DeepMind's chief executive, Demis Hassabis, said the system could now have more general applications in scientific research. “We're quite excited because we think this is now good enough to make some real progress on some real problems even though we're obviously a long way from full AI,” he said.
The software defeated leading South Korean Go player Lee Se-don by four games to one last year in a game where there are more possible legal board positions than there are atoms in the universe. AlphaGo also defeated world's number one Go player, China's Ke Jie.
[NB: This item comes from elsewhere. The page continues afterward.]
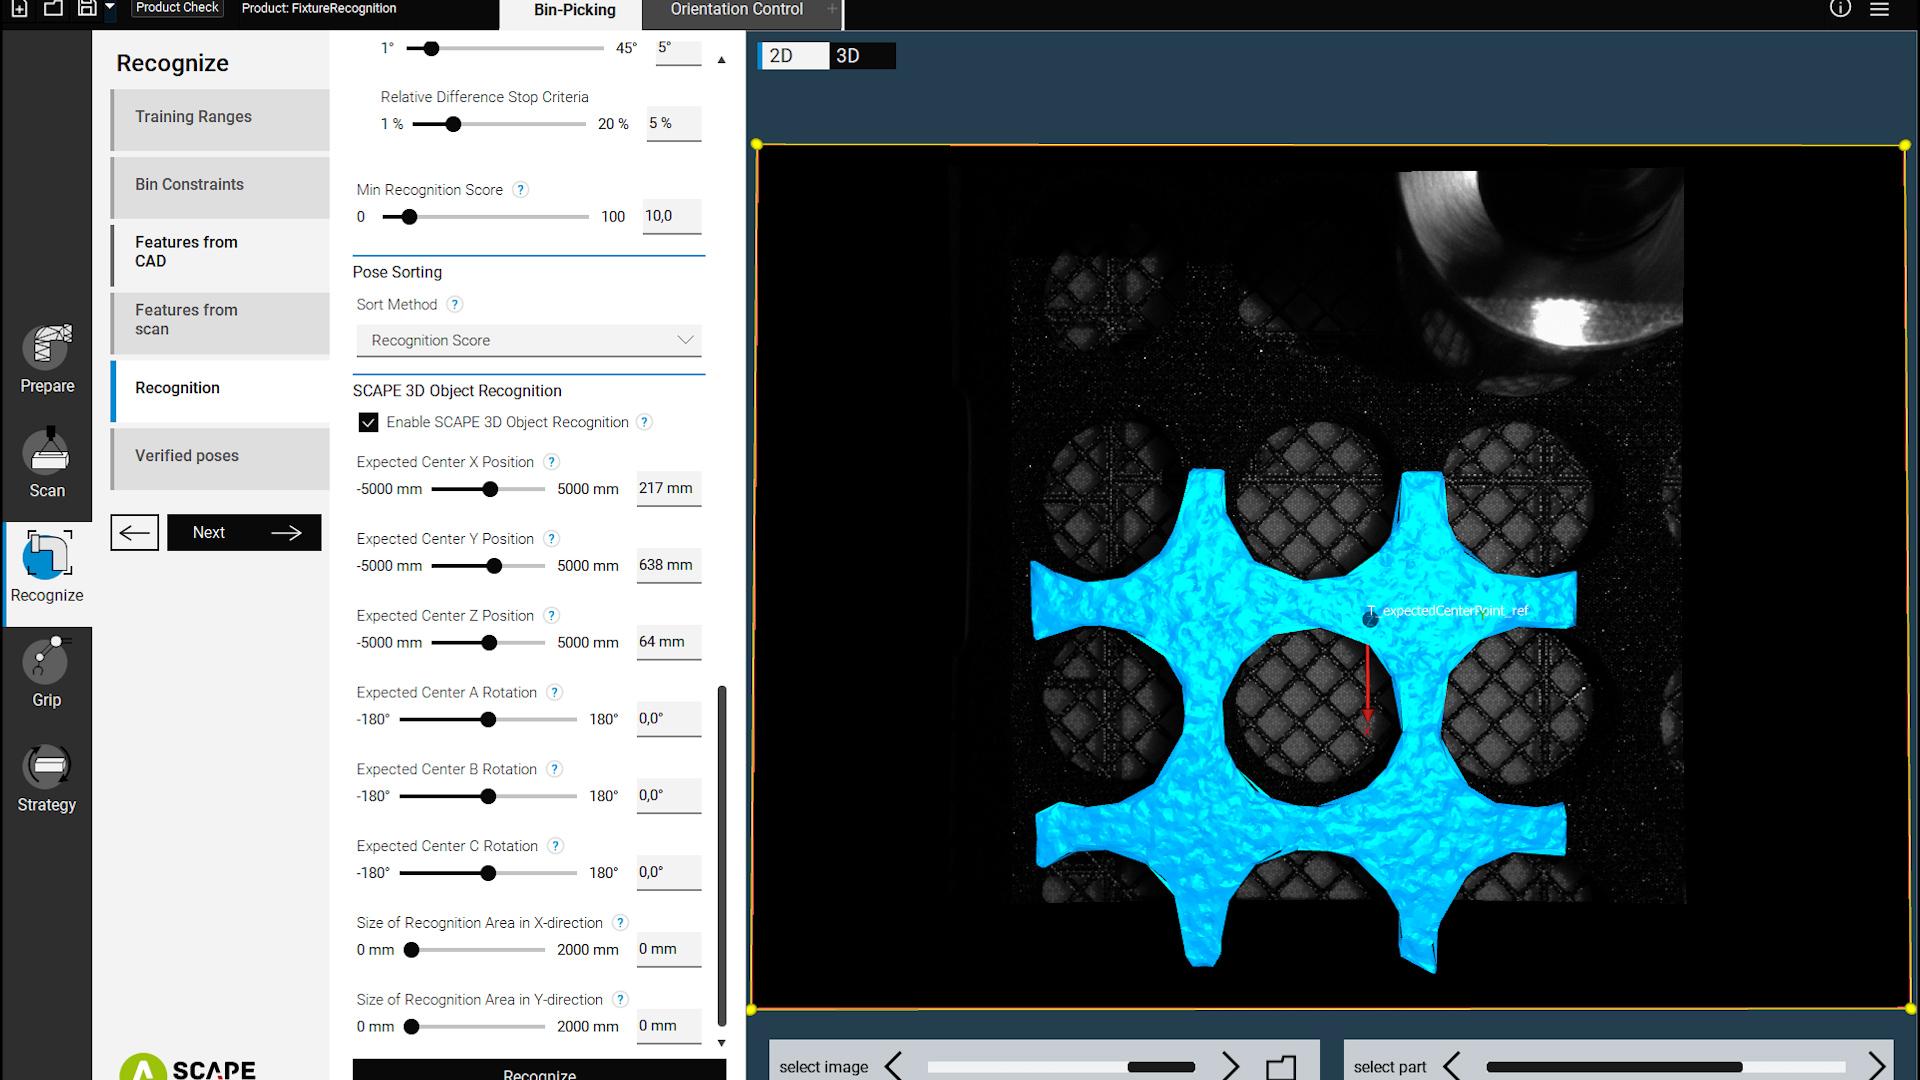 Print screen of SCAPE 3D Object Recognition software for object or fixture identification

Go is an abstract strategy board game for two players, in which the goal is to surround more territory than the opponent. The game was invented in China over 2,500 years ago, and thus, it's believed to be the oldest board game that is still played today. The rules are simpler than those of chess and the player usually has a choice of 200 moves throughout the game, compared with about 20 in chess. Top human players usually rely on instinct to win.
The achievements of AlphaGo required the combination of vast amounts of data - records of thousands of games - and a vast computer-processing power.
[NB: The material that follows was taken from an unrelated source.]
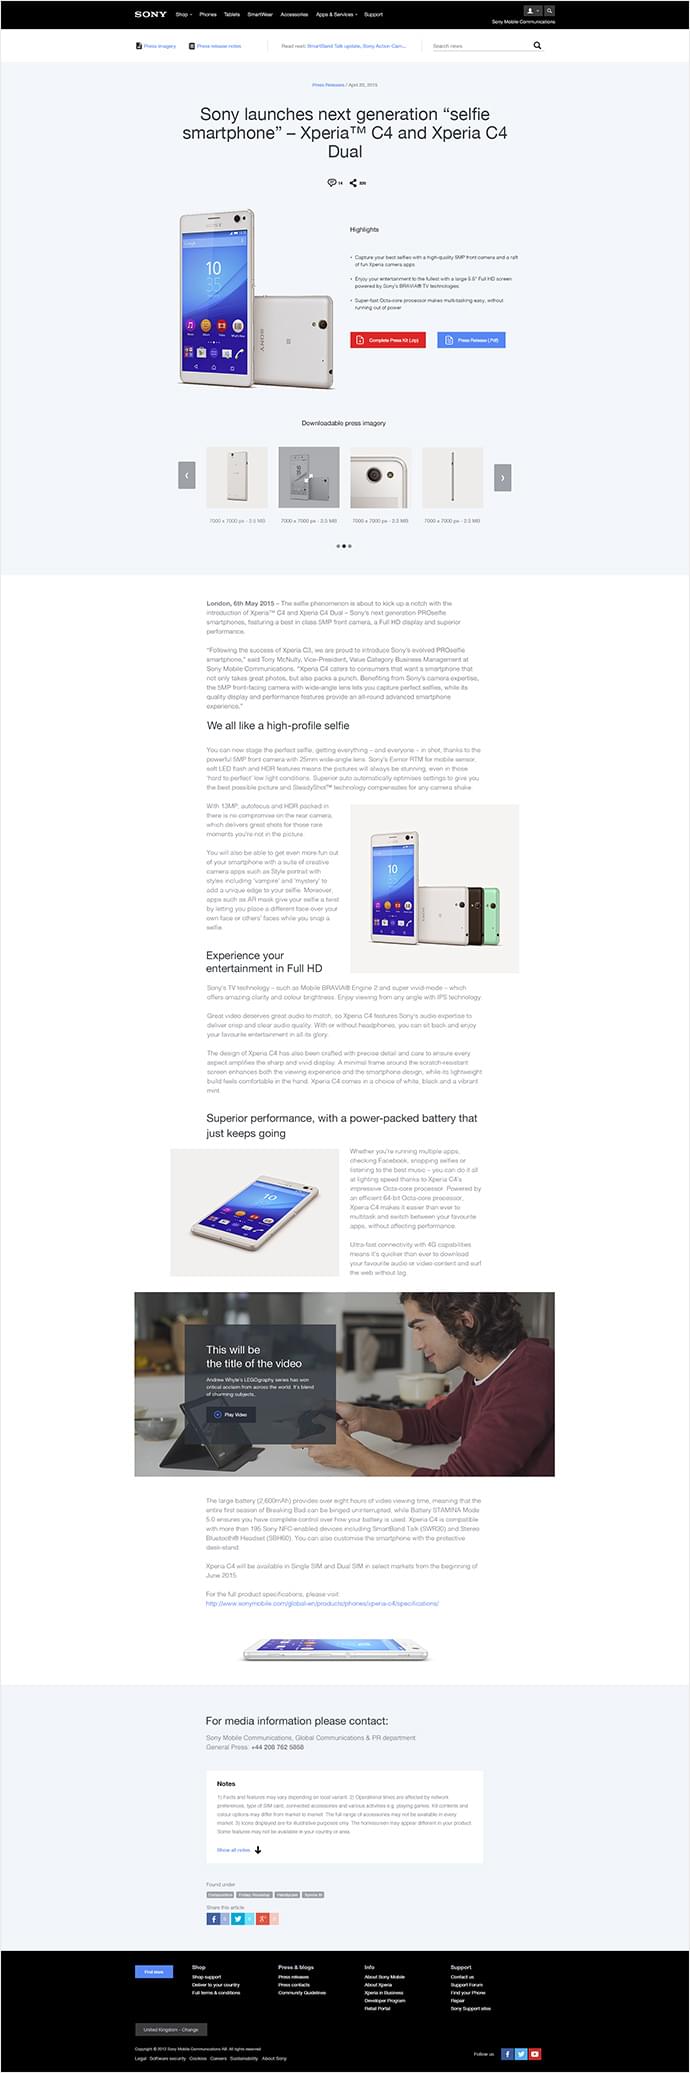 A complete redesign of the Press Release template has given the site administrators the option to showcase Sony Mobile's great products.

David Silver, lead researched on AlphaGo, said the team took a different approach with AlphaGo Zero. "The new version starts from a neural network that knows nothing at all about the game of Go," he explained. "The only knowledge it has is the rules of the game. Apart from that, it figures everything out just by playing games against itself."
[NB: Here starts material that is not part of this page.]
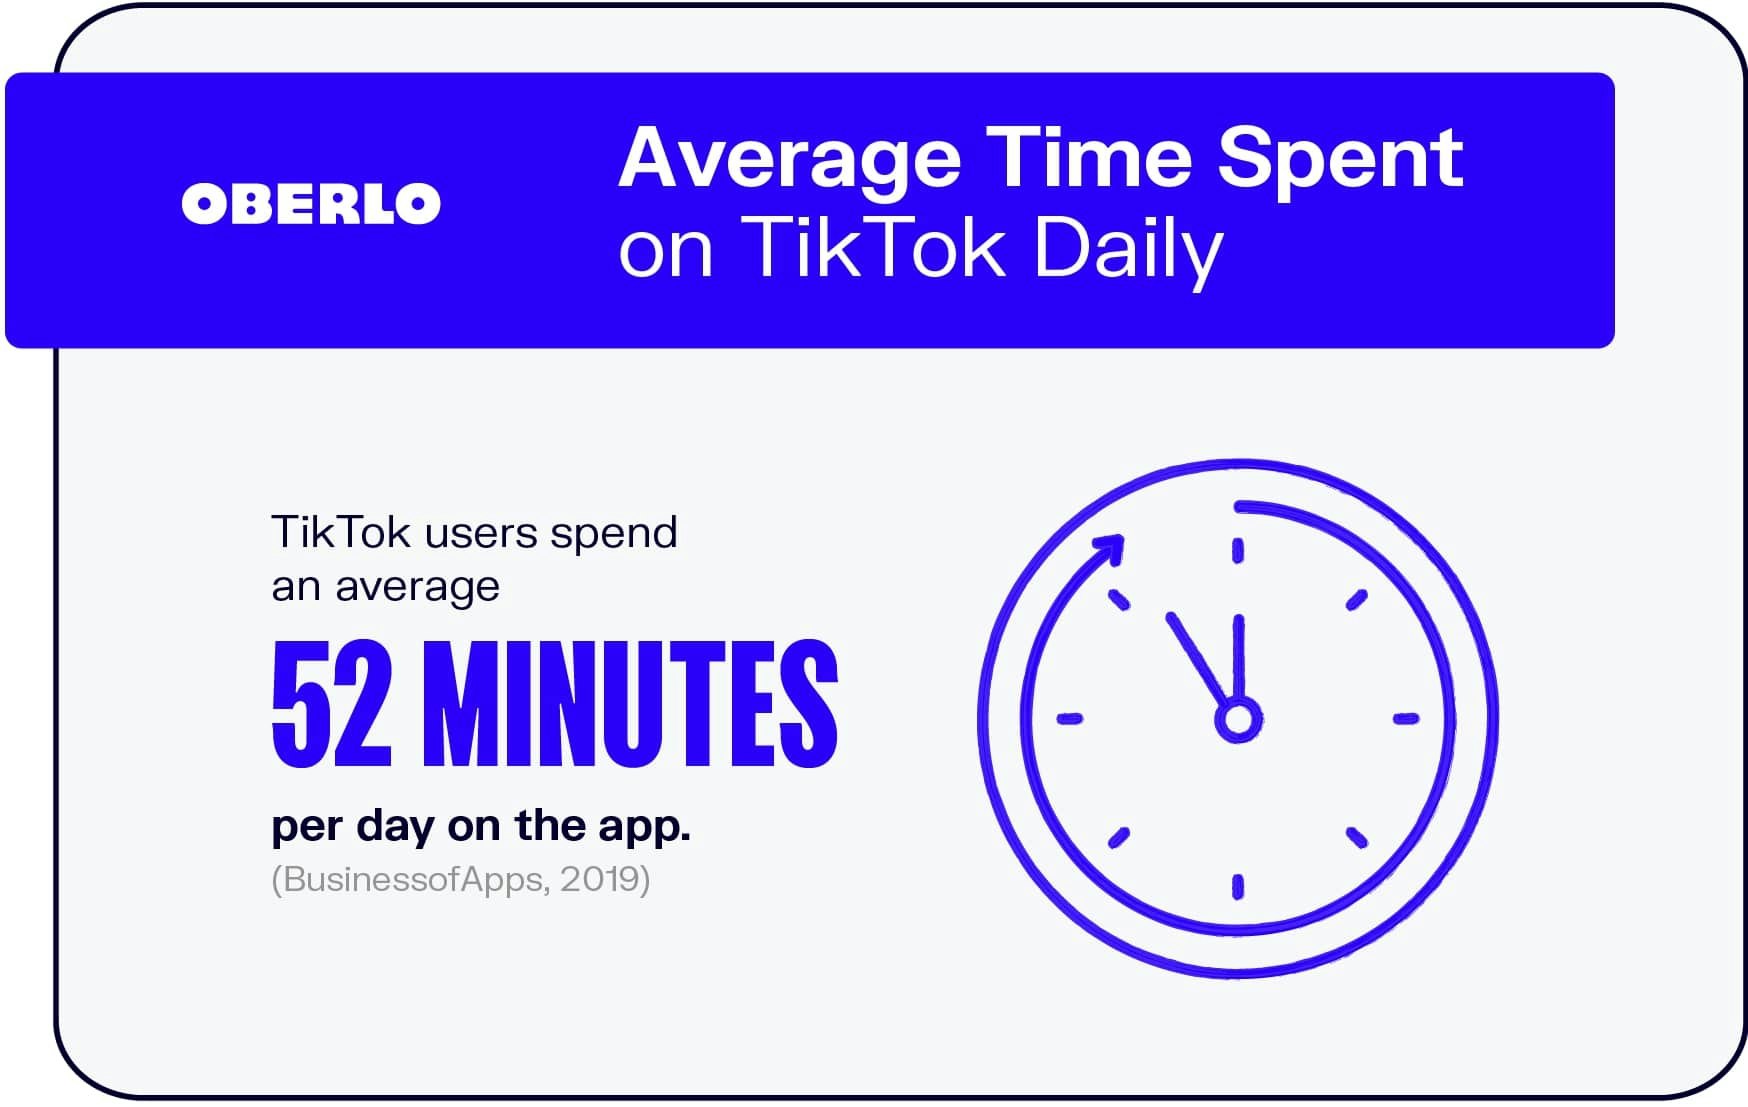 How Much Time Do Users Spend on TikTok Daily on Average?

While AlphaGo took months to get to the point where it could take on a professional, AlphaGo Zero got there in just three days, and only using a fraction of the processing power.
"It shows it's the novel algorithms that count, not the computer power or the data," says Mr Silver.
He highlighted an idea that some may find scary: in just a few days a machine has surpassed the knowledge of this game acquired by humanity over thousands of years.
"We've actually removed the constraints of human knowledge and it's able, therefore, to create knowledge itself from first principles, from a blank slate," he said.
While AlphaGo learned from and improved upon human strategies, AlphaGo Zero devised techniques which the professional player who advised DeepMind admitted had never seen before. It is able to do this by using a novel form of reinforcement learning, in which AlphaGo Zero becomes its own teacher. The system starts off with a neural network that knows nothing about the game of Go. It then plays games against itself, by combining this neural network with a powerful search algorithm. As it plays, the neural network is tuned and updated to predict moves, as well as the eventual winner of the games.
This updated neural network is then recombined with the search algorithm to create a new, stronger version of AlphaGo Zero, and the process begins again. In each iteration, the performance of the system improves by a small amount, and the quality of the self-play games increases, leading to more and more accurate neural networks and ever stronger versions of AlphaGo Zero.
This technique is more powerful than previous versions of AlphaGo because it is no longer constrained by the limits of human knowledge. Instead, it is able to learn tabula rasa from the strongest player in the world: AlphaGo itself.
Many of the research team have now moved on to new projects where they want to apply the same software to new areas. Demis Hassabis stated that some areas of interest include drug design and the discovery of new materials.
Some might see AI as a threat, but Hassabis looks into the future with optimism. “I hope these kind of algorithms will be routinely working with us as scientific experts medical experts on advancing the frontiers of science and medicine - that's what I hope," he says.
Nonetheless, he and his colleagues are aware of the dangers of applying AI techniques to the real world at a fast pace. A game with clear rules and no element of luck is one thing, but the random real world is another.